Dans un sens, celui du terrorisme, ceux qui ont parlé de Printemps arabe, comparativement au Printemps des peuples d’Europe de 1848, ne croyaient pas si bien dire. La différence se situe sans doute en ce que le populisme révolutionnaire russe qui en fut issu, tout terroriste et meurtrier qu’il ait été, n’a jamais fait l’objet de manipulations par des services secrets ni reçu d’aide financière étrangère. Il n’en est pas de même du jihadisme tunisien dont la prison a servi à étoffer le recrutement pour le combat contre les Chiites depuis l’époque de Ben Ali, et dont l’Internet, un outil de contrôle établi par le gouvernement américain à l’échelle mondiale, a servi à assurer l’endoctrinement.

Le jihadisme tunisien ne serait alors dès le début rien de plus qu’un populisme révolutionnaire dévoyé par les intrigues internationales. Le rôle des plateformes numériques dans la radicalisation salafiste jihadiste des jeunes est justement d’actualité ces derniers jours avec la plainte déposée par la famille d’une des victimes de l’attaque terroriste du Bataclan de Paris contre Google et qui doit être examinée en dernier recours par la Cour Suprême des Etats-Unis.

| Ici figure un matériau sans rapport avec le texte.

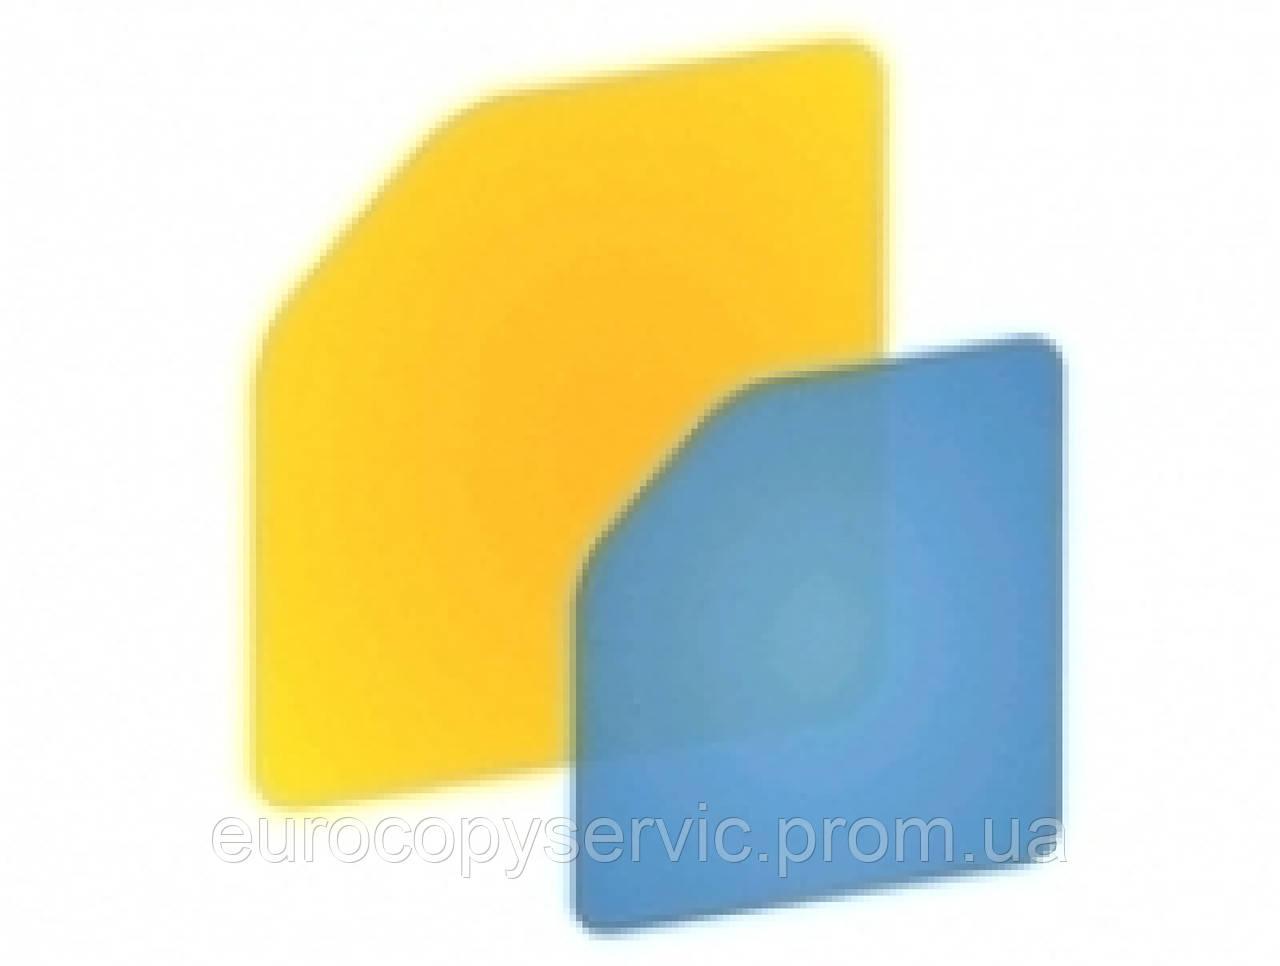 Тонер-картридж АНК для OKI C810 аналог 44059118/44059106 Magenta (3203448)

Les nihilistes (si on peut qualifier ainsi des gens prêts à perdre leurs vies et ne se reconnaissant dans aucun principe moral) russes étaient eux obligés d’aller dans les usines et les campagnes pour endoctriner les masses et diffusaient des journaux clandestins et cela nécessitait beaucoup de temps, d’énergie, de réflexion, et se terminait en règle d’une manière tragique par l’exécution des militants, ou leurs déportations dans des régions lointaines de Sibérie.

La technologie moderne de l’information dispense désormais de tout cela. Grâce à la modélisation informatique et aux algorithmes numériques, il est devenu possible de manufacturer une révolution (Ukraine, Géorgie, Belarus) ou de faire gagner des élections ou des référendums en quelques clics de souris d’ordinateurs (Donald Trump, Brexit).

Plutôt que de se focaliser pour des raisons politiques sur le mythe fantasmatique d’une religion, l’islam, génératrice de terrorisme ou plus terroriste que toutes les autres, il faudrait peut-être réfléchir sur les moyens surpuissants de surveillance et de persuasion des masses dont les pouvoirs et les oligarchies mondiales disposent désormais pour contrôler les pensées et les comportements dans des sociétés de plus en plus élitistes et inégalitaires, sur fond d’épuisement des ressources, de détérioration irréversible de l’environnement, et de menaces nucléaires. 

* Médecin de libre pratique.

‘‘Sous l’étendard du Oqab : salafistes et jihadistes tunisiens’’, de Hedi Yahmed, en arabe, éd. Al-Dīwān lil-Nashr, Tunis,  2015, 243 pages.